Joe had moved out of the hotel on Turtle Creek, moving near the woman. Allowing her to think it was her idea, letting her find him a suitable rental, taking it through another name for security they agreed and that being done through a blind corporation title sometimes utilized for such purposes by Jones-Seleska. He had shown her how they might carefully make their way to the new “hideaway” and enjoy each other's company free from the prying, inquisitive eyes of media and police.
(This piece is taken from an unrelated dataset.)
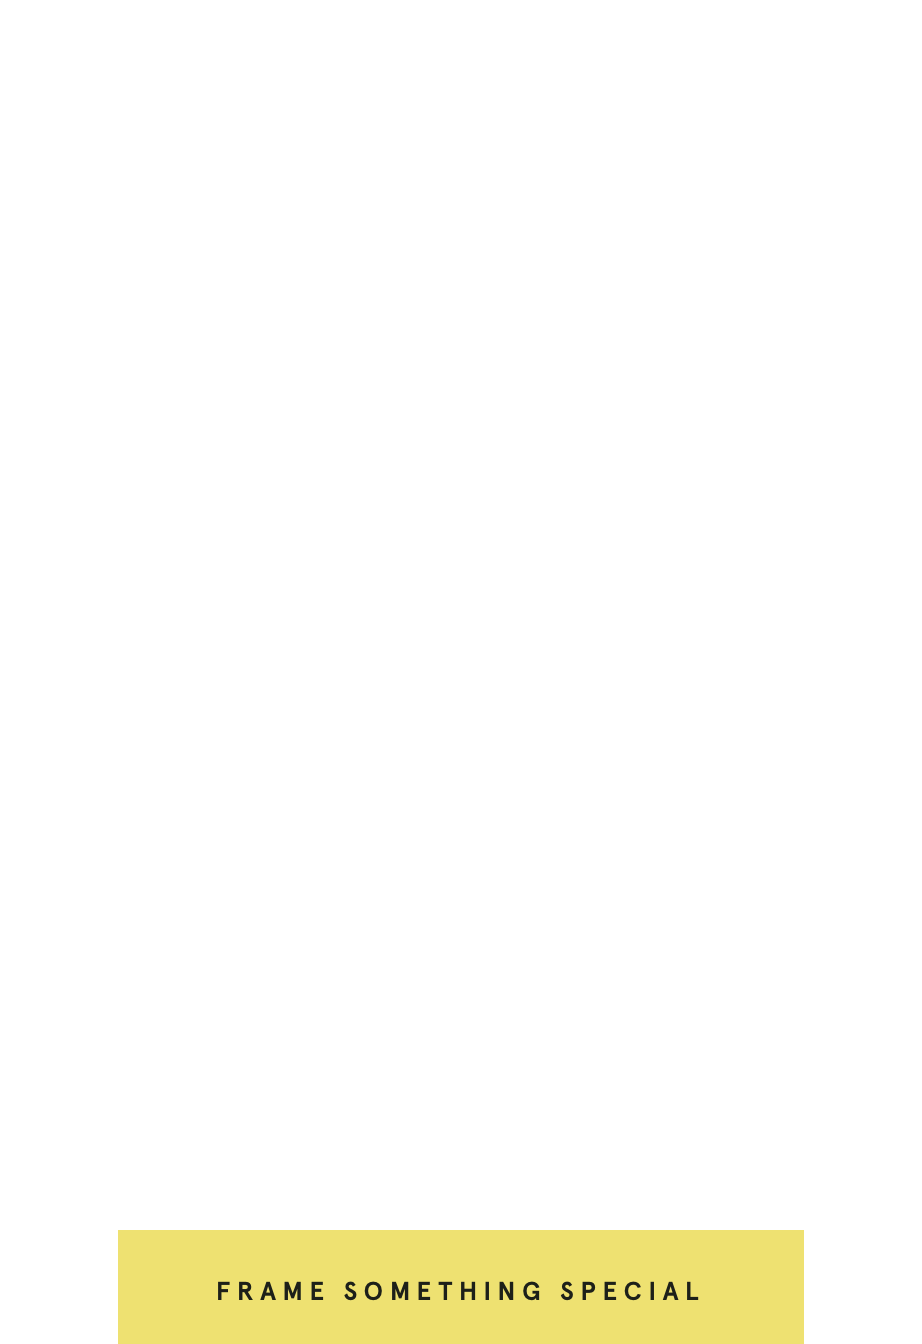 Love to the moon. Halibut Cove. Ping-pong paddle. 12 rainbows. Ferrari garage. Elio & Oliver. Prize pumpkin.

He cannot take much more of this woman, although she is physically attractive. He functions heterosexually by evoking certain images, but there is no great thrill for him, for example, in the magic erogenous zone of fatty tissue on the female pubic symphysis. He is excited by darker lusts.

In his mind he belongs to another time. He often fantasizes about ancient times. When inventive people killed by means of a strappado machine. He vows that he will one day do likewise as time and circumstances permit. His joys are in the suffering and extinguishing of human lives. He luxuriates in the anguish of others.

He dreamed last night of a variant of the strappado and he willed himself to remember the design upon awakening. During the dream he considered “picturing,” which is what he calls the process by which he takes his weak and cringing brother to the neural pathway for a bit of mental-torture fun and games. He loves to hear his brother's pathetic scream. He always has. But for the time being he must exercise a degree of restraint.

As long as he has memory—age three, he thinks—he has controlled the destiny of his weaker twin. By “picturing,” by allowing his mind to penetrate through to the other half of his being, he is able to send whatever imagery pleases him. He can take control of William Hackabee's mind effortlessly, holding it in his grasp for as long as he chooses, making his sniveling, brother Bill experience the most exquisite tortures and humiliations.